Run the globus-gridftp-server as mentioned above, for simplicity sake we will run it in anonymous mode (running it with GSI security is well documented elsewhere)

% globus-gridftp-server -p 5000 -fs-whitelist popen,file -aa

And now run the client:

% globus-url-copy -src-fsstack popen:argv=#/usr/games/chef#/home/bresnaha/text.txt ftp://localhost:5000/x ftp://localhost:5000/home/bresnaha/trans.txt

Lets take a look at this command line. It is the normal globus-url-copy 2 url command line with 1 additional argument:

 -src-fsstack popen:argv=#/usr/games/chef#/home/bresnaha/text.txt

This argument tells the source (-src) server to set its file system xio stack (-fsstack) to use the popen (popen:) driver, with the following # separated argument list: /usr/games/chef /home/bresnaha/text.txt. What this does is, instead of sourcing data from the file in the source url, it is sourced from the results of the popen'ed program:

% /usr/games/chef /home/bresnaha/text.txt

This makes the file portion of the source url irrelevant (but it still needs to be there, thus the /x in our example).

In our example the file text.txt is sent to the destination file trans.txt.

Compress a file at the destination

Say you want to send a file, but on the remote end you have a limited amount of disk space and you need to store it in a compressed format. Here we show you how to send a file using GridFTP and on the destination end compress it using zip before it is written to disk (note: it probably makes more sense to compress it before sending it, so just take this as the example it is).

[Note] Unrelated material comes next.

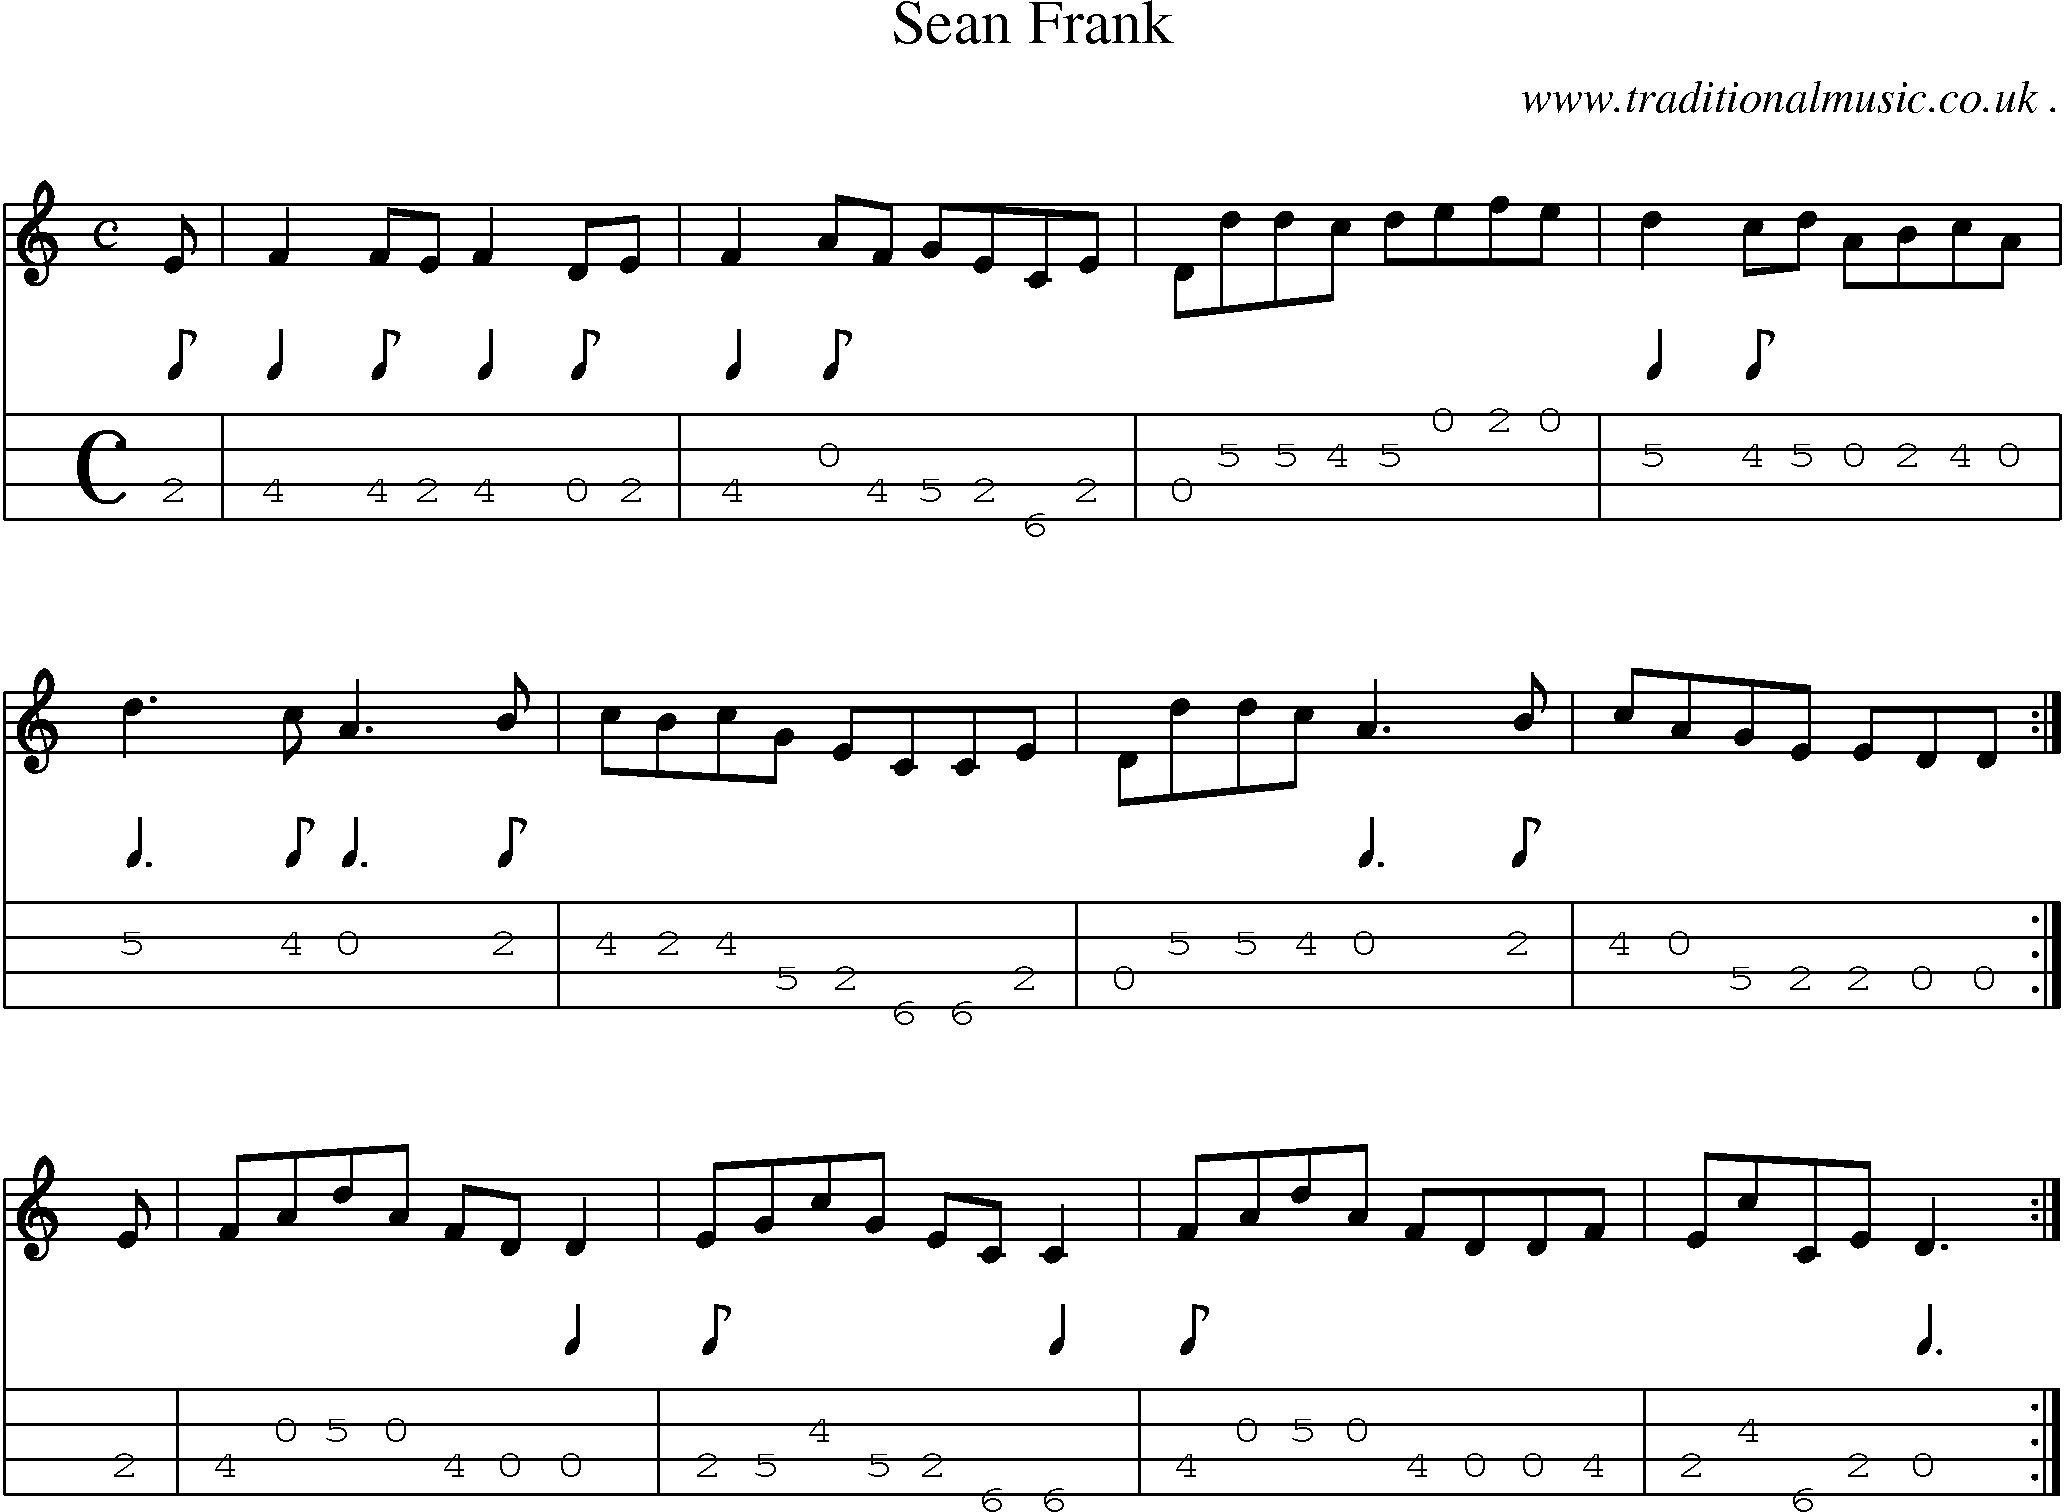 Sheet-Music and Mandolin Tabs for Sean Frank

Again we start the server in a similar way, but this time we need the ordering driver whitelisted:

% globus-gridftp-server -p 5000 -fs-whitelist popen,file,ordering -aa

And now run globus-url-copy, this time telling it to change the destination stack to use the popen driver, running /usr/bin/zip with standard input as the source and the file /home/bresnaha/text.txt.zip as the output

% globus-url-copy -dst-fsstack popen:argv=#/usr/bin/zip#/home/bresnaha/text.txt.zip#-,ordering ftp://localhost:5000/home/bresnaha/text.txt ftp://localhost:5000/y

This time notice that we used -dst-fstack instead of -src-fsstack (for obvious reasons) and that the destination url has a fake file because, this time that is taken care of by the popen program. Also notice the addition of the ordering driver. By putting it after a comma after the popen string we add it above the popen driver on the stack and thus insure that zip will see all of the data in order.

Tar on the fly!

The tar on the fly example shows how to use a pipe on both ends at the same time, and solves the problem of transferring[D[D[D[D[D[f many VERY small files at the same time. To do this start, again, by running the server:

% globus-gridftp-server -p 5000 -fs-whitelist popen,file,ordering -aa

Now all we need to do is tell the source server to tar it up and the destination to untar it:

% globus-url-copy  -src-fsstack popen:argv=#/bin/tar#-C#/home/bresnaha#-cf#-#TarIt  -dst-fsstack popen:argv=#/bin/tar#-xf#-#-C#/home/bresnaha/UnTarIt ftp://localhost:5000/x ftp://localhost:5000/y

This time you will notice that both the source and destination files are bogus. This is because the tar program has already been told where to the data comes from via -src-fstack and where it goes via -dst-fstack.

The command lines tend to get long and ugly, and they are not for the faint of heart, but for a sysadmin looking to experience, and willing to write small scripts around globus-url-copy for their uses, this can be an incredibly power extension.

Try it out with any other program that can handle pipes!